Bani : Bonus de signature – Revue rapide de l’album

Lorsque le rappeur du comté de Broward, Bani, a sorti son nouvel album, Bonus de signaturele mois dernier, ses commentaires se sont remplis de demandes pour la version rapide. C’est comme ça qu’ils aiment leur musique dans le sud de la Floride. Quelques semaines plus tard, son remixeur préféré, DJ Cut Up Fonks, a lancé les chansons dans un DAW et a soufflé sur leurs braises, nous offrant ainsi un résultat encore meilleur. Bonus de signature – Rapide.

Il s’agit d’une cassette de rap fiable pleine de crochets collants, destinée à être jouée fort, fenêtres baissées et en continu. rapide. Comme beaucoup de rappeurs de Floride, Bani privilégie la production de Détroit, qui, accélérée, se transforme en une machine Rube Goldberg à claviers et percussions. Vous pouvez pratiquement voir les lignes de vitesse siffler tandis que les frontières des voies se mélangent, brouillant les vignettes banales, les transactions au corps à corps, les aspirations joyeuses et les éclairs de paranoïa dans une tranche de vie au rythme fébrile.

Pas encore de score, soyez le premier à en ajouter.

Bani rappe dans un brouillard de doubles vocaux haletants, mi-chantés, mi-là, s’inspirant du crooner de Broward Loe Shimmy. Il fait des conneries quotidiennes comme donner des coups de pied avec une fille et avoir une séance de cigarette si froide : « Elle a frappé le joint une fois et a agi comme si elle faisait du parachutisme. » La ruée à grande vitesse des voix marécageuses et des rythmes claquants peut sembler étonnamment méditative ; des chansons comme « Pretty Boy Glo », « Stay the Same » et « Deeper Den Da Mafia » sont faites sur mesure pour se déconnecter et absorber le geyser de mots.

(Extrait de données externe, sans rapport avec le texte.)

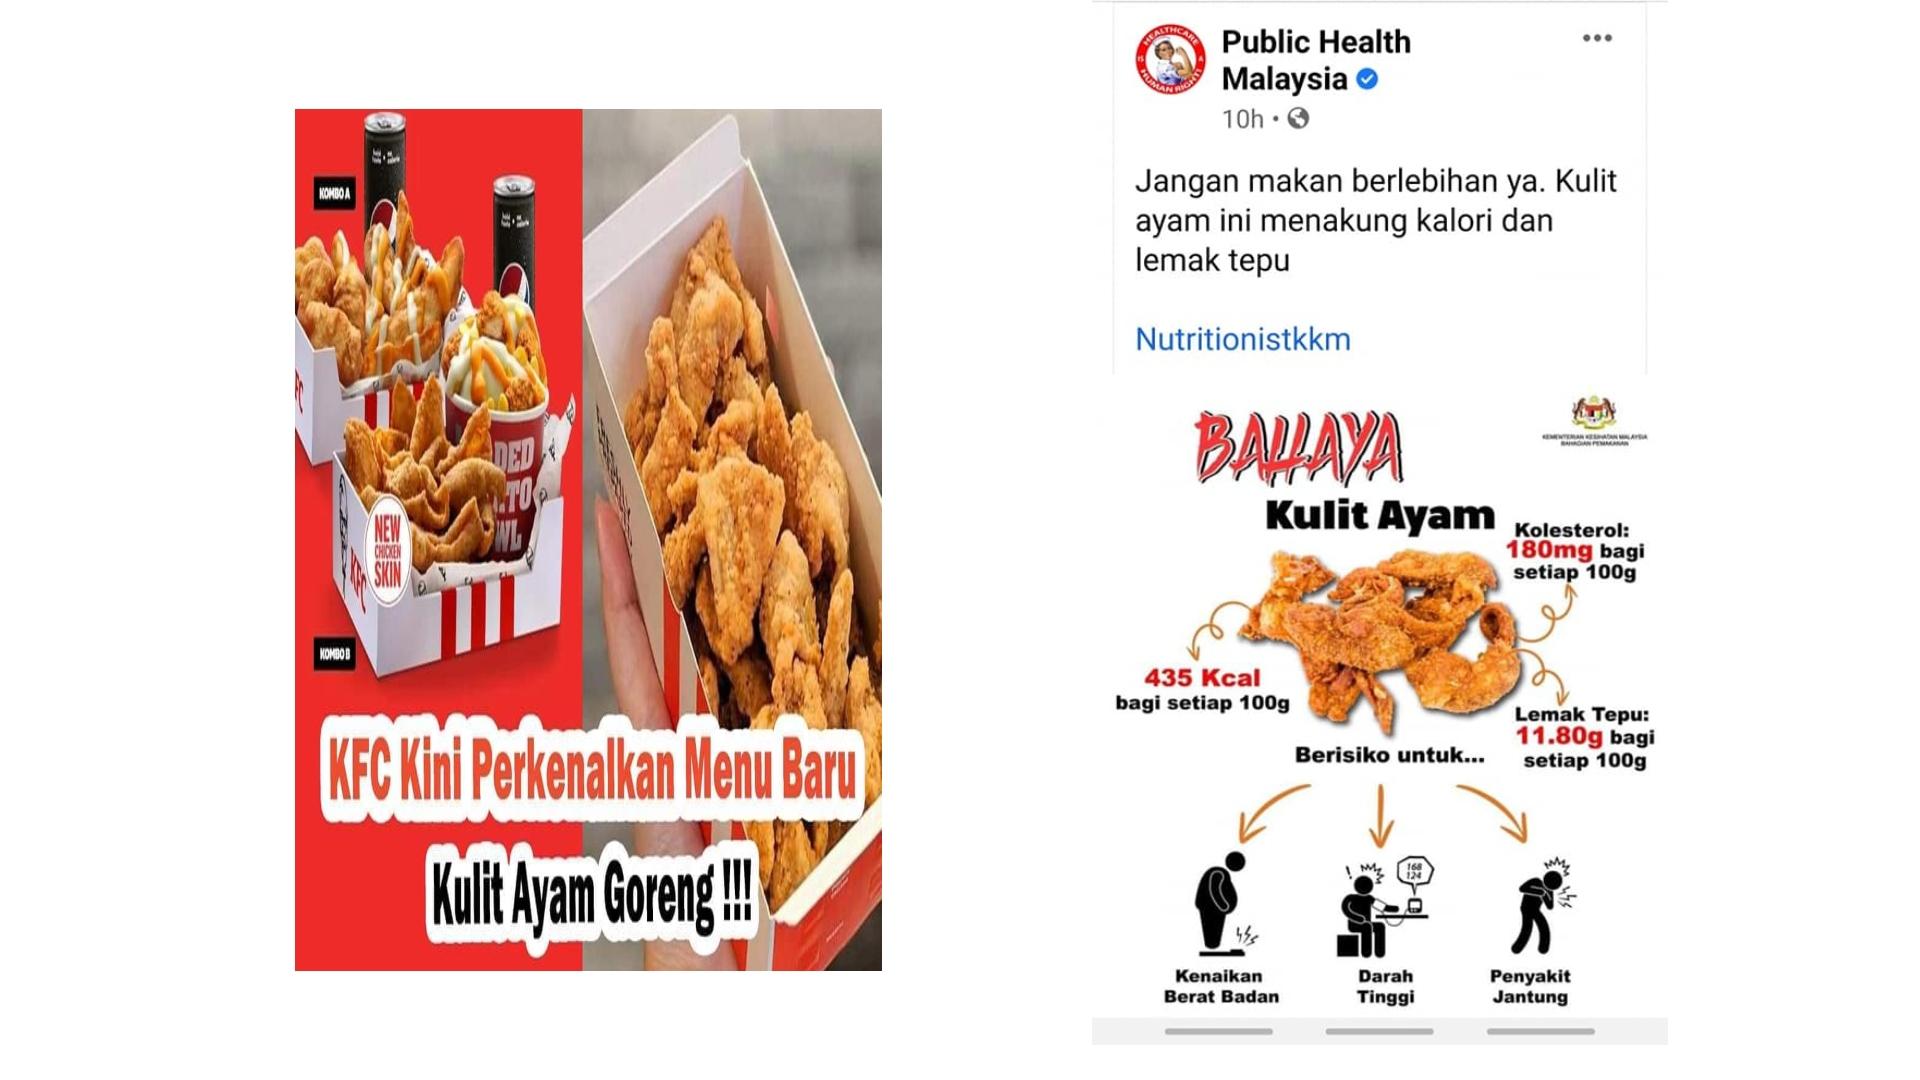 KKM cited the dangerous of fried chicken skin for health
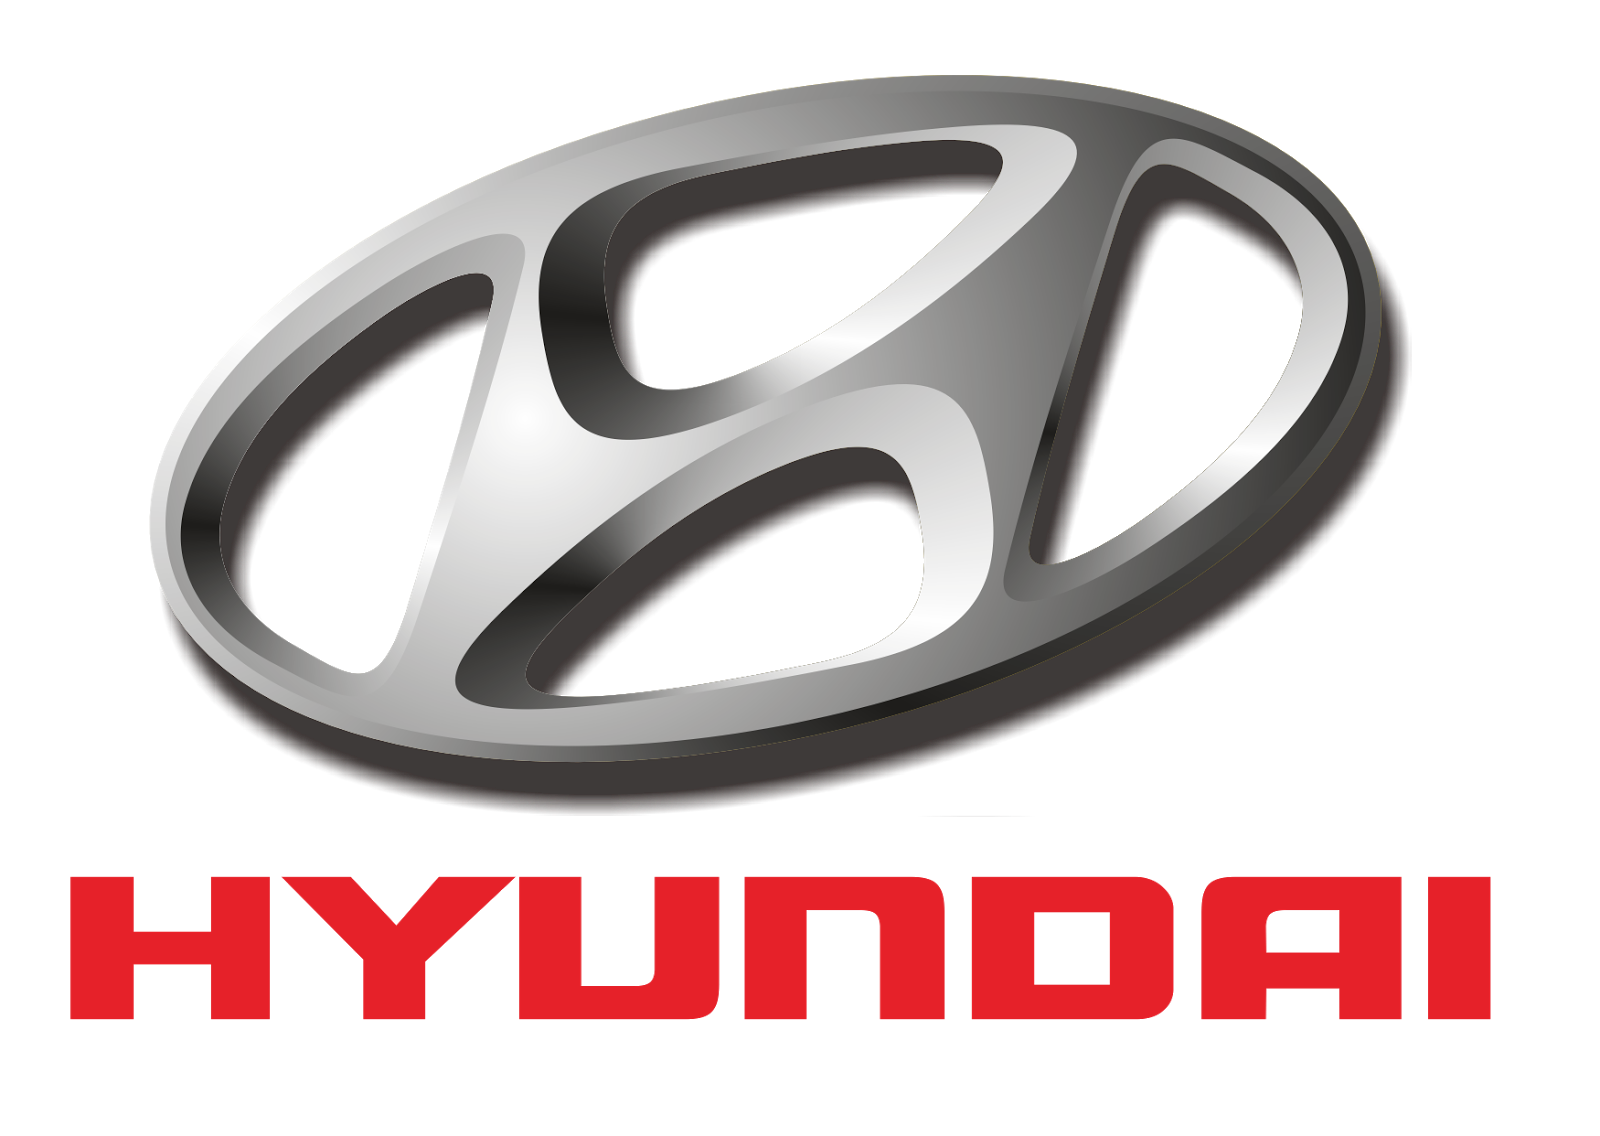 hyundai vector logo png transparent hyundai vector logo

Bani est originaire d’Hollywood, en Floride, une ville que vous traverserez si vous conduisez vers le nord sur la I-95, de Miami à Fort Lauderdale. Dans les interviews et sur la cire, on a l’impression qu’il est un étudiant de la musique rapide, quelqu’un qui a vécu avec les remixes de DJ Frisco des ballades Rod Wave, Kodak Black et NoCap et a appris à rétro-ingénierie leur sensation frénétique. Il écrit des chansons sur le chagrin comme « Text Back ILY », où les grands sentiments et les signaux contradictoires sont encore plus importants et plus difficiles à analyser dans les versions rapides. À travers cet album, il tisse une tapisserie de vignettes d’hommes ordinaires : des histoires d’arnaqueurs sur le service aux clients et leurs déplacements de la Floride au Minnesota, des histoires d’amour et des liens sournois mêlés de motivations douteuses et de messages IG indésirables. Il y a aussi une tendance innocente alors qu’il savoure le butin d’avoir récemment signé un contrat d’enregistrement avec Alamo et part pour le voyage obligatoire à New York : j’adore quand il propose à lui et à sa copine de « se promener dans Manhattan » et promet de « t’aimer 10 fois l’infini ».

Écouter Bonus de signaturevous ne saurez probablement pas que Bani n’a réalisé que récemment que ses chansons avaient besoin d’accroches. (Beaucoup de cas de ce genre parmi cette génération de guerriers avec écouteurs et micros.) Mais Bani est super aux crochets. Son meilleur reste toujours son single « Switch » de 2025, où il essaie cette merveilleuse cadence chantante : « Voudriez-vous m’allumer ? Je me souviens du parcours de 03 Greedo dans les années 2010, lorsqu’il écrivait sans arrêt des refrains parfaits. Bani charge cette cassette avec des vers d’oreille, et les versions rapides frappent encore plus fort.